阅读说明：本技术 一种制备3-羟甲基环戊醇的方法 (Method for preparing 3-hydroxymethyl cyclopentanol ) 是由 李宁 佟国宾 李广亿 王爱琴 王晓东 丛昱 张涛 于 2019-11-19 设计创作，主要内容包括：本发明提供一种制备3-羟甲基环戊醇的方法。该反应体系以水作为溶剂,催化剂采用廉价金属型催化剂,在一定反应温度和氢气压力下实现一步法高收率获得3-羟甲基环戊醇产物。本发明具有反应效率高,产物收率高,催化剂廉价易得且可以多次循环使用等特点,提供了一种从生物质平台化合物出发制备3-羟甲基环戊醇的有效途径。(The invention provides a method for preparing 3-hydroxymethyl cyclopentanol. The reaction system takes water as a solvent, adopts a cheap metal catalyst, and realizes a one-step method to obtain a 3-hydroxymethyl cyclopentanol product with high yield under a certain reaction temperature and hydrogen pressure. The method has the characteristics of high reaction efficiency, high product yield, cheap and easily-obtained catalyst, capability of being recycled for multiple times and the like, and provides an effective way for preparing the 3-hydroxymethyl cyclopentanol from a biomass platform compound.)

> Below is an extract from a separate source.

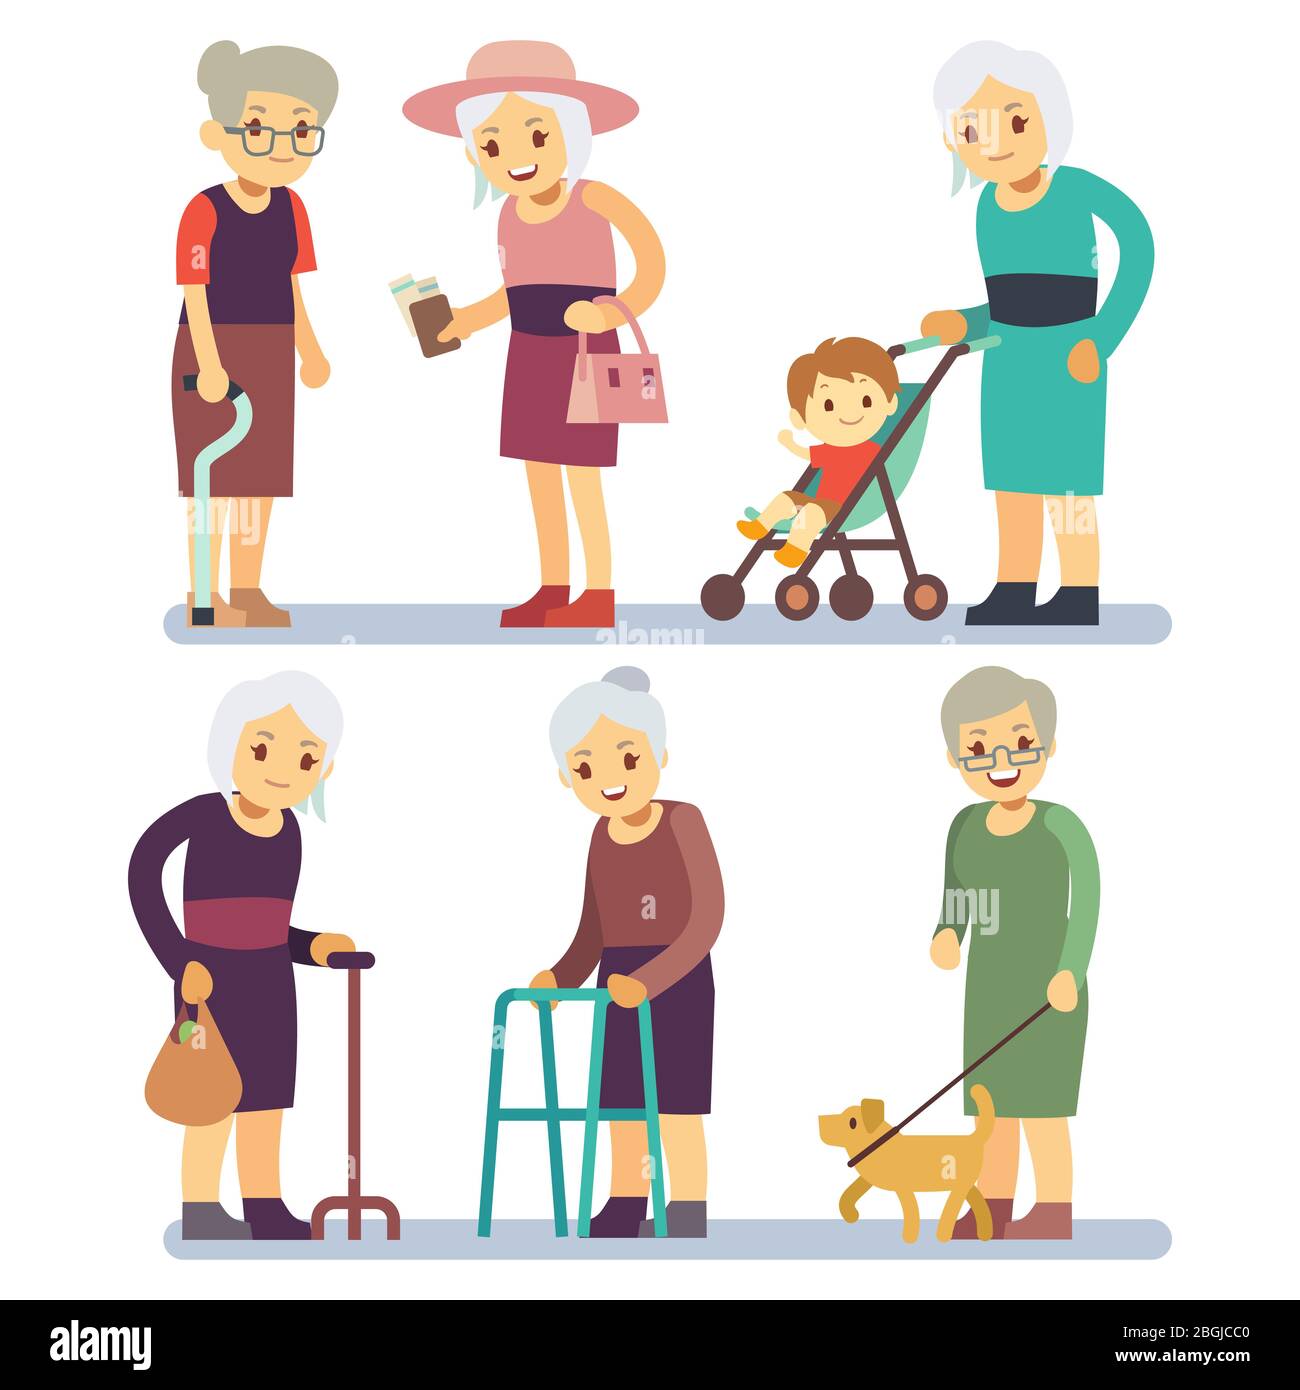 Alte Frauen Cartoon-Charakter gesetzt. Ältere Damen in unterschiedlicher Situation. Ältere Dame weiblich, Charakter mit Hund zu Fuß, verschiedene Rentner Großmutter Illustration Stock Vektor

1. A method for preparing 3-hydroxymethyl cyclopentanol is characterized in that: converting 5-hydroxymethylfurfural serving as a raw material into 3-hydroxymethylcyclopentanol by using a cheap metal catalyst and water as a solvent in the presence of hydrogen;

the cheap metal catalyst is an A/X supported catalyst and comprises an active metal A and a carrier X, wherein the active metal A is loaded on the carrier, and the carrier X is SiO₂、TiO₂、ZnO、Al₂O₃And MgO, and the active metal A is at least one of Fe, Co, Ni, Cu and Zn.

2. The method of claim 1, wherein: the preparation method of the A/X type supported catalyst comprises the following steps: dissolving metal precursor salt in water, stirring, adding sodium carbonate solution to adjust the pH value to 7-10, aging at 50-90 ℃ for 15h, then carrying out suction filtration, washing to neutrality, drying, grinding, calcining at 300-700 ℃ for 1-12 h, cooling, and then reducing at 500 ℃ for 1-12 h in hydrogen atmosphere.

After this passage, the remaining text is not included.